I am Fortune's fool.
CHAPTER SIX
She bent forward, one graceful hand darting down to retrieve her solemn charge. She laid the Great Key in her lap, and pulled a long necklace from beneath her layered white garments. The chain held a ring, decorated with a thick raised bird-pattern, the gold lines of electronic contacts gleaming like filigree upon its surface. She inserted the ring into the seal atop the rod. Nothing happened.
Her breath drew in. She glared down at Miles. "What have you done to it!"
"Milady, I, I … nothing, I swear by my word as Vorkosigan! I didn't even drop it. What's . . . supposed to happen?"
"It should open."
"Um . . . um . . ." He would break into a desperate sweat, but he was too damned cold. He was dizzy with the scent of her, and the celestial music of her unfiltered voice. "There are only three possibilities, if there's something wrong with it. Someone broke it—not me, I swear!" Could that have been the secret of Ba Lura's peculiar intrusion? Maybe the Ba had broken it, and had been seeking a scapegoat upon whom to shuffle the blame? "—or someone's re-programmed it, or, least likely, there's been some kind of substitution pulled. A duplicate, or, or . . ."
Her eyes widened, and her lips parted, moving in some subvocalization.
"Not least likely?" Miles hazarded. "It would surely be the most difficult, but … it crosses my mind that maybe someone didn't think you would be getting it back from me. If it's a counterfeit, maybe it was meant to be on its way to Barrayar in a diplomatic pouch right now. Or … or something." No, that didn't quite make sense, but . . .
She sat utterly still, her face tense with panic, her hands clutching the rod.
"Milady, talk to me. If it's a duplicate, it's obviously a very good duplicate. You now have it, to turn over at the ceremony. So what if it doesn't work? Who's going to check the function of some obsolete piece of electronics?"
"The Great Key is not obsolete. We used it every day."

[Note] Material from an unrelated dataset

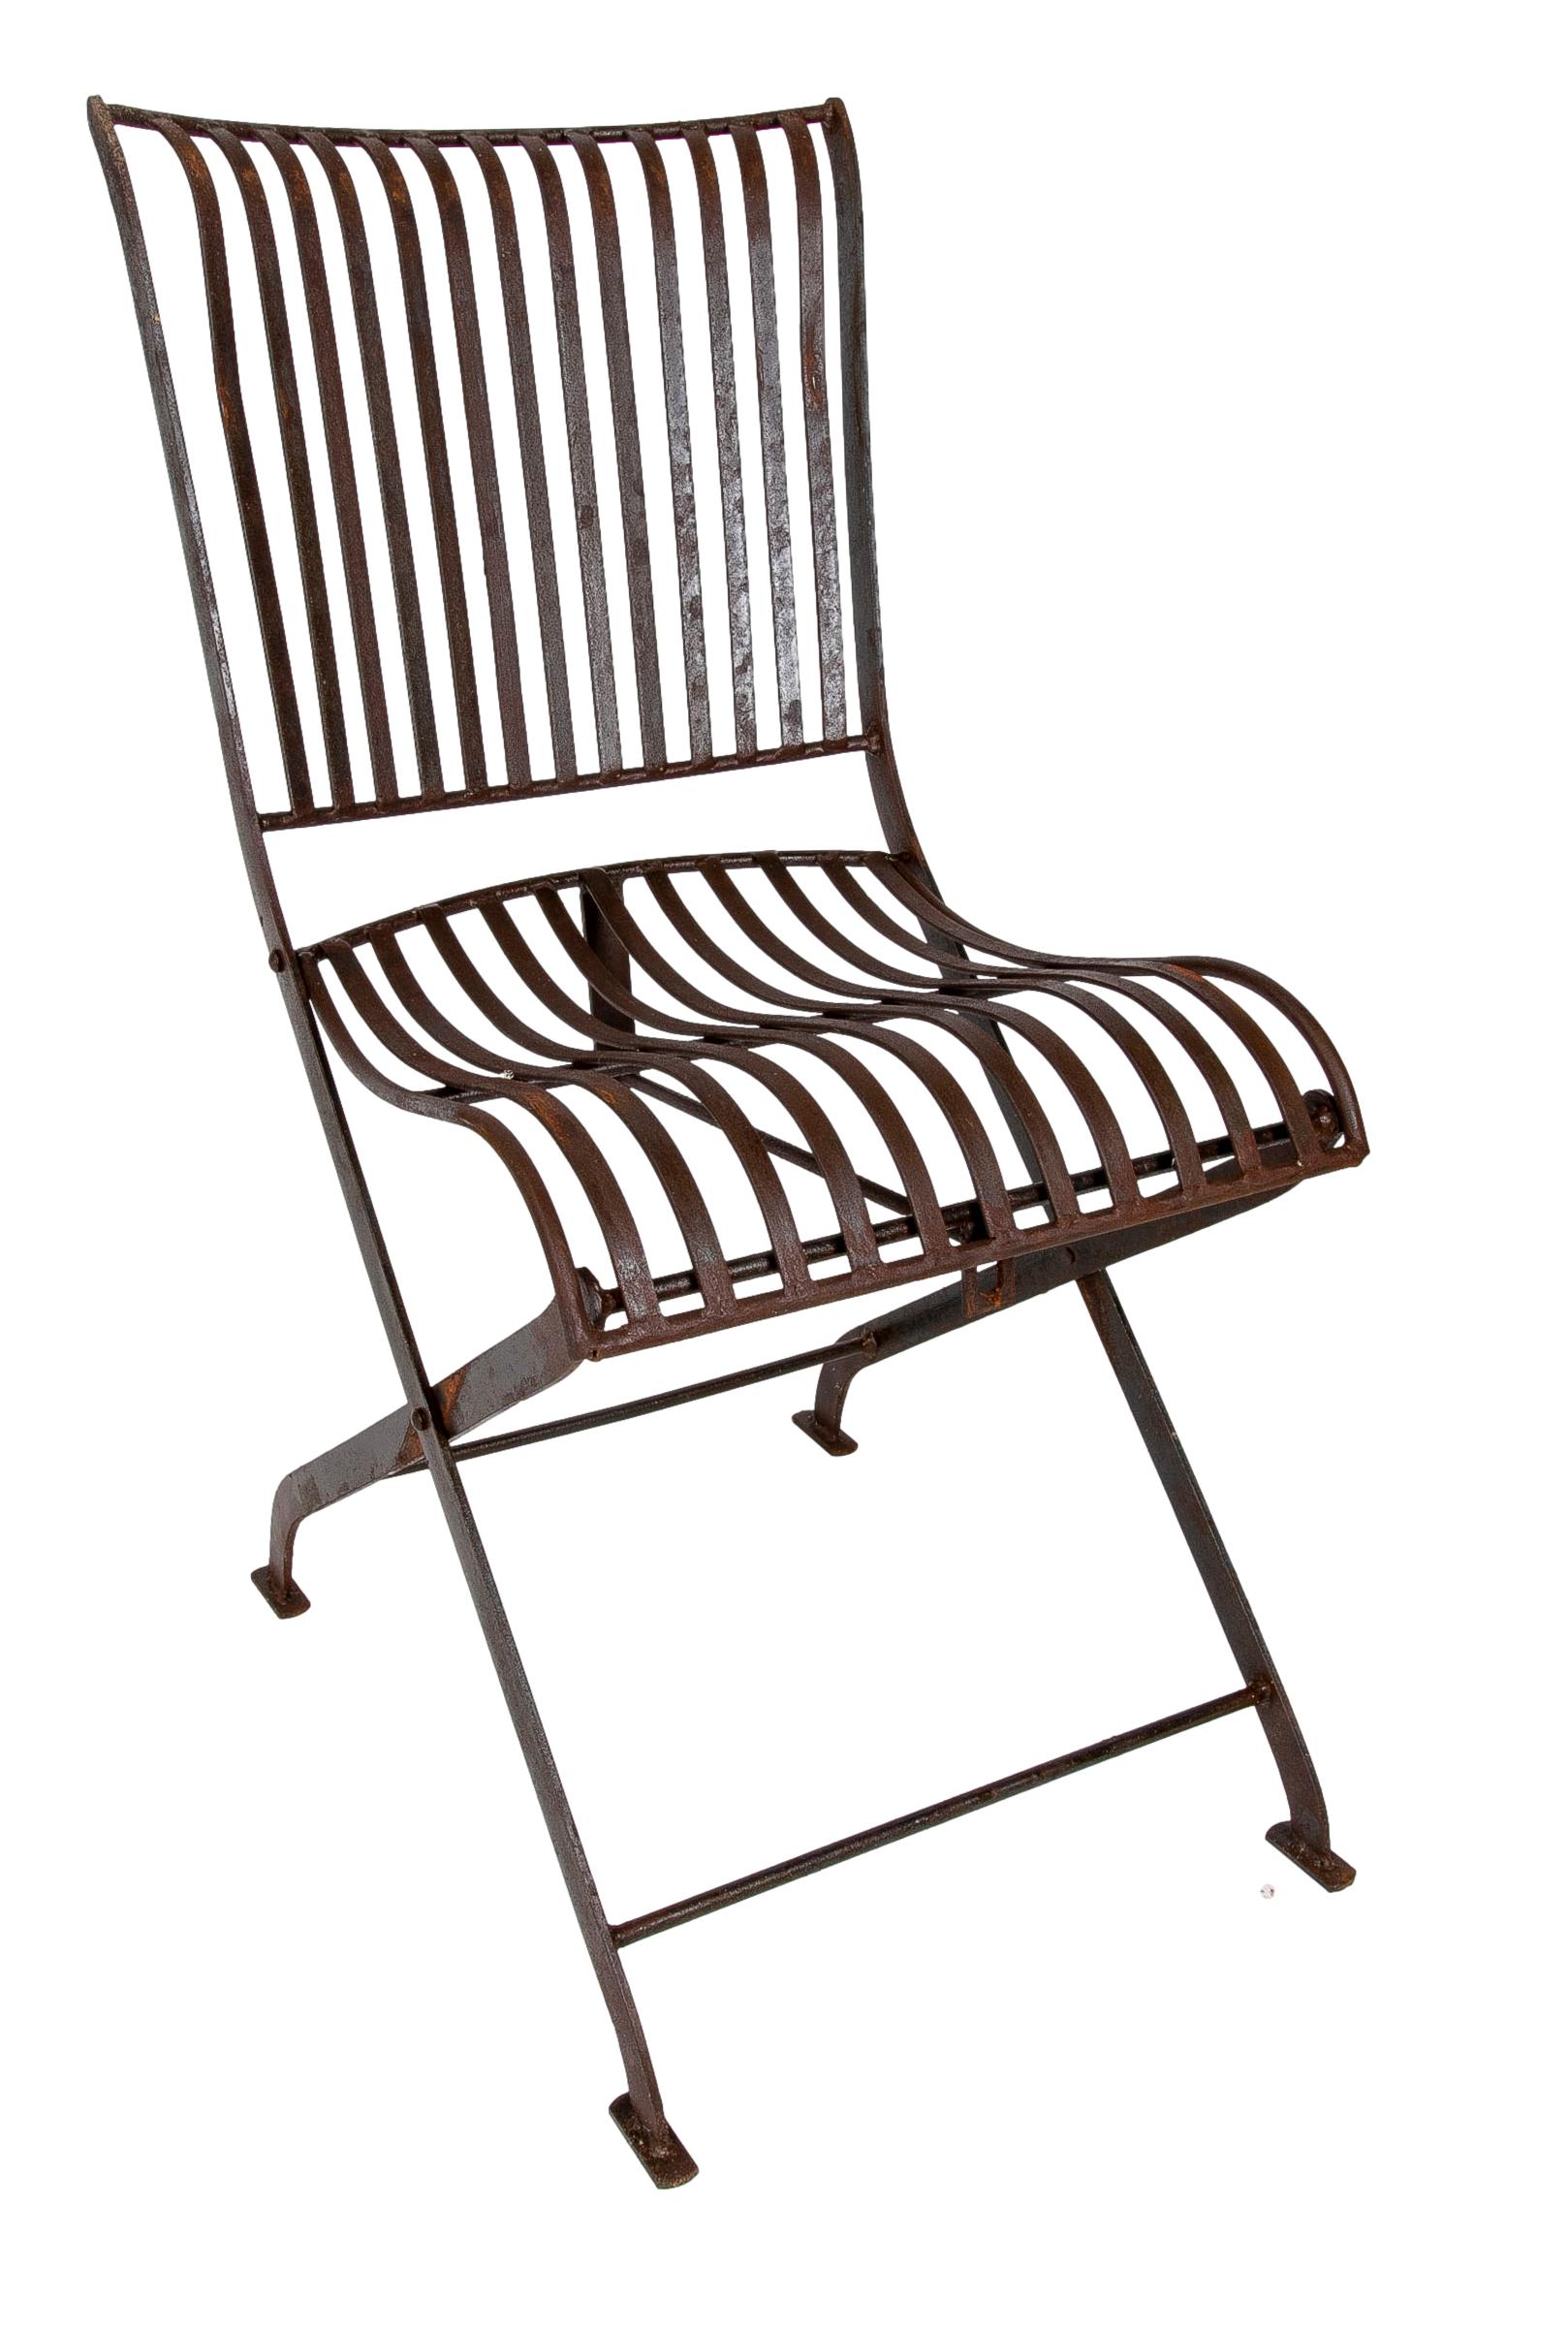 French Pair of Foldable Iron Garden Chairs For Sale

"It's some kind of data link, right? You have a time-window, here. Nine days. If you think it's been compromised, wipe it and re-program it from your backup files. If that thing in your hand is some kind of a non-working dummy, you've maybe got time to make a real duplicate, and re-program it." But don't just sit there with death in your lovely eyes. "Talk to me!"
"I must do as Ba Lura did," she whispered. "The Ba was right. This is the end."
"No, why?! It's just a, a thing, who cares? Not me!"
She held up the rod, her arctic-blue eyes fixing on his face at last. Her gaze made him want to scuttle into the shadows like a crab, to hide his merely human ugliness, but he held fast before her. "There is no backup," she said. "This is the sole key."
Miles felt faint, and it wasn't just from her perfume. "No backup?" he choked. "Are you people crazy?"
"It is a matter of … control."
"What does the damn thing really do, anyway?"
She hesitated, then said, "It is the data-key to the haut gene bank. All the frozen genetic samples are stored in a randomized order, for security. Without the key, no one knows what is where. To re-create the files, someone would have to physically examine and re-classify each and every sample. There are hundreds of thousands of samples—one for every haut who has ever lived. It would take an army of geneticists working for a generation to re-create the Great Key."